Watch how the Democratic Party responds to any foreign policy challenge and you will see the same pattern: the immediate instinct is not strategic but theatrical. What statement does this require? Which allies need to be called? What does our posture signal? The questions are not wrong, exactly — signaling matters in statecraft. But when signaling becomes the entire exercise, when the press release precedes the policy by weeks, when the optic is the product — that’s when you get botched withdrawals, that’s when you get adversaries who learn to read American hesitation as invitation.
Afghanistan. August 2021. The images from Kabul’s airport — crowds clinging to the landing gear of American military aircraft, the interpreter class left behind, two decades of nation-building evaporating in 72 hours — those images were the purest expression of a foreign policy run by people who cared more about the announcement of withdrawal than the mechanics of it. The Biden White House had spent months refining its messaging around ending “America’s forever war.” The logistics of actually executing a safe evacuation were treated as secondary. The result was a catastrophe that reverberated through every alliance negotiation America has had since.
The same pattern holds domestically. When Democrats talk about strengthening democratic institutions, they mean it as a rhetorical weapon. The designated survivor announcement is, on its face, about protecting democratic continuity.
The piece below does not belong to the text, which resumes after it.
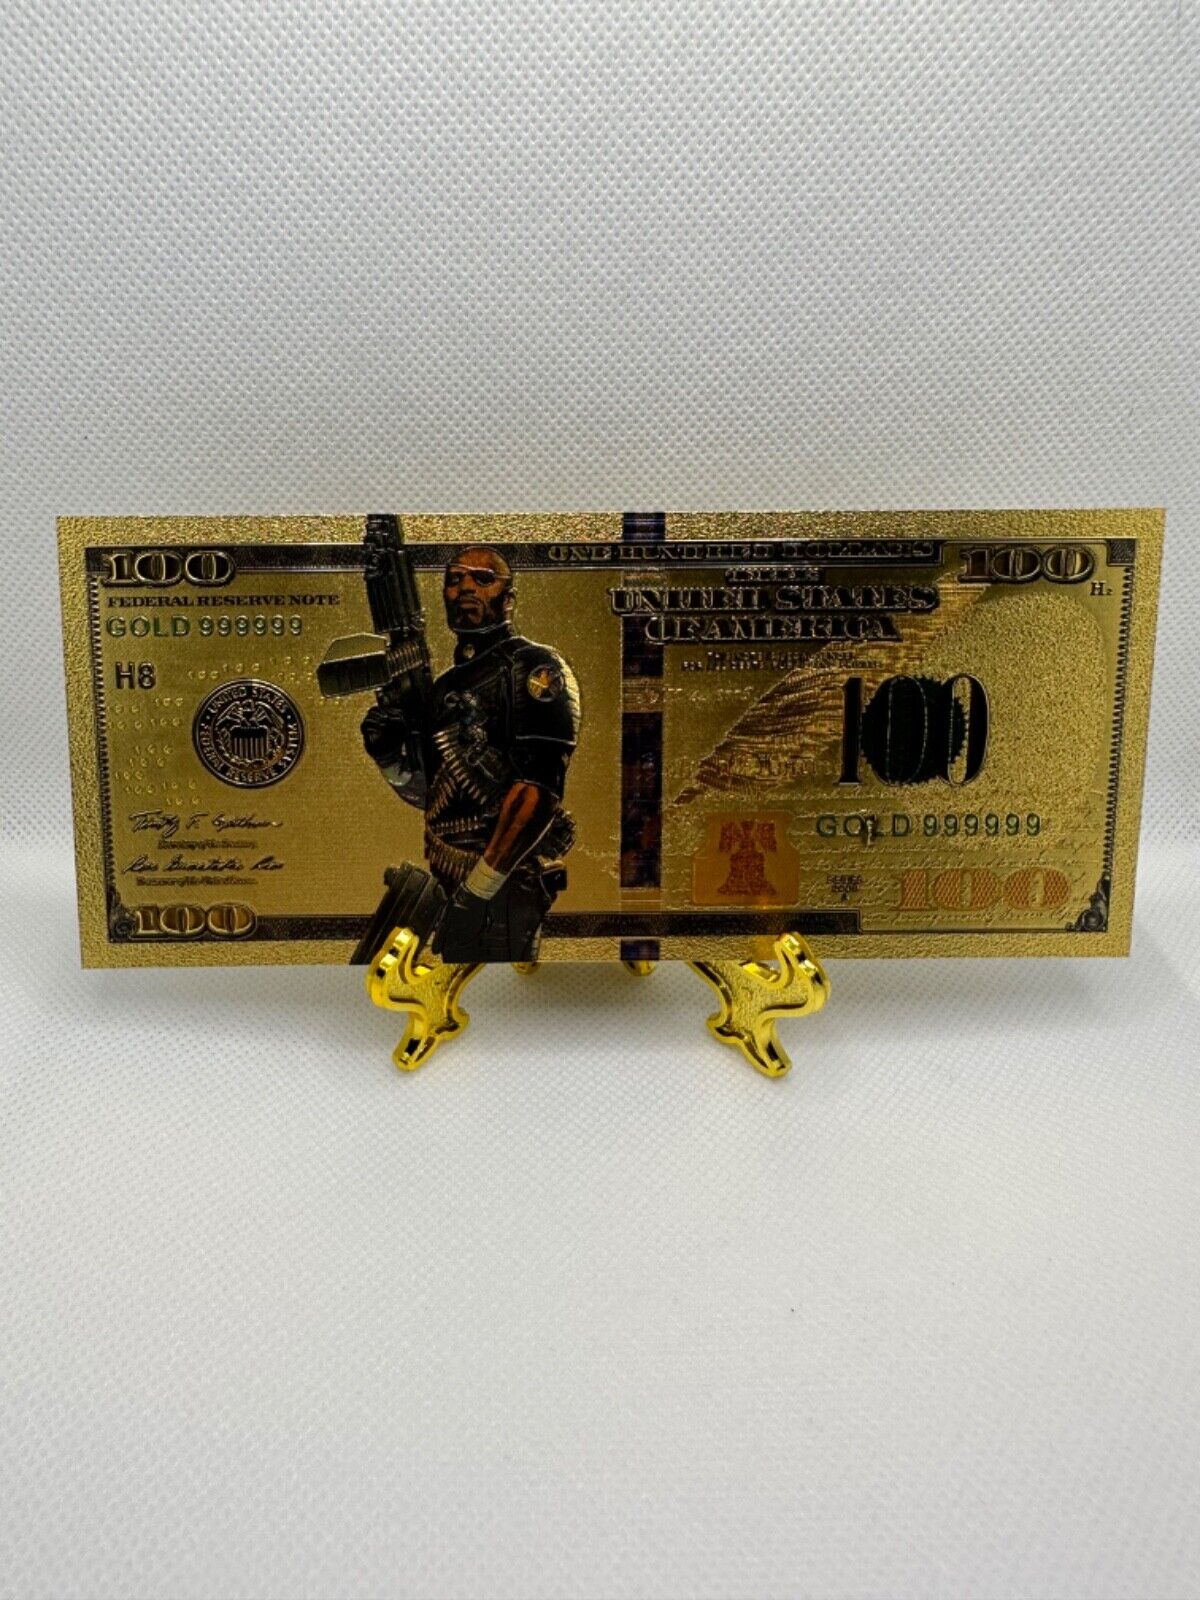 Collectible Gold Foil/Plated Marvel Avengers Bill

But it’s treated as a communications asset. The institution is invoked to serve the message. Not the other way around.
This is the tell. This is what separates serious governance from its imitation.
What Serious Looks Like
Serious continuity-of-government planning happens in classified settings with people who have operational experience. It involves succession protocols, secure communications infrastructure, devolution orders, and the unglamorous work of ensuring that if the worst happens, the republic functions. None of that is interesting. None of it goes viral.
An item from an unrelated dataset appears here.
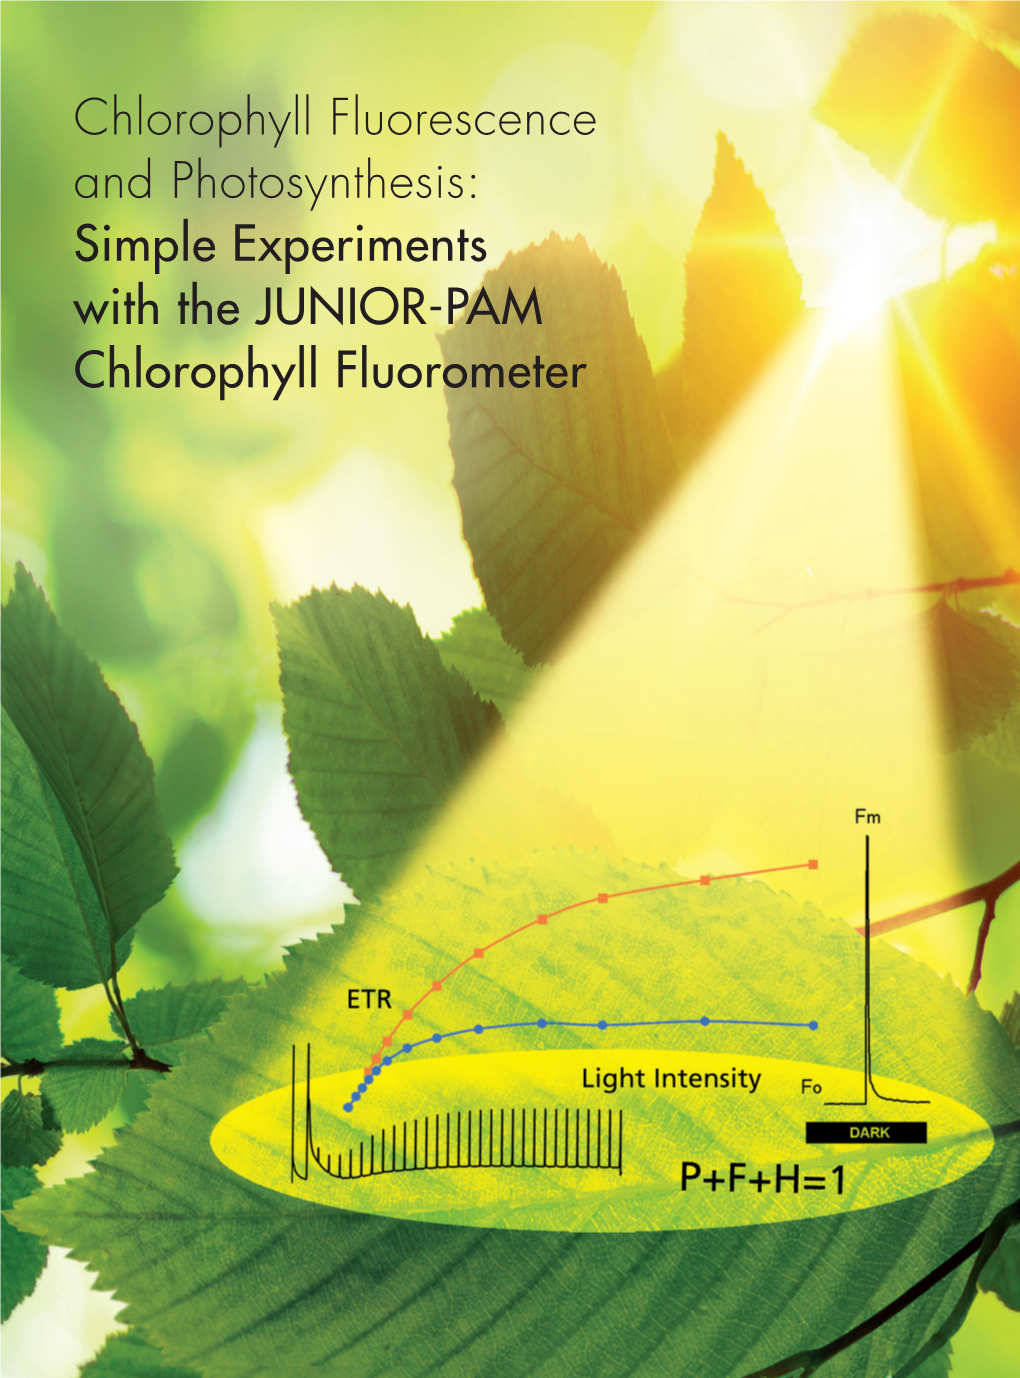 Simple Experiments with the JUNIOR-PAM Chlorophyll Fluorometer

Serious foreign policy looks the same. It’s the diplomat who has read the internal cables, who understands the domestic politics of the country she’s negotiating with, who knows that the press release and the actual agreement are different documents serving different purposes. It’s the defense planner who runs the war games and acts on the results even when the results are uncomfortable. It’s the intelligence analyst who sends up the warning even when the warning is politically inconvenient.
What it is not is a choreographed announcement timed to the evening news cycle.
The designated survivor tradition, in its original form, was an admission of vulnerability — a contingency plan for the possibility that America’s government could be destroyed in an instant. That’s a serious acknowledgment. It demands serious treatment.
What the Democratic Party has done is turn that acknowledgment into an asset. The vulnerability becomes a backdrop. The serious thing becomes a prop.
America’s adversaries are watching. And they are not fooled by the performance.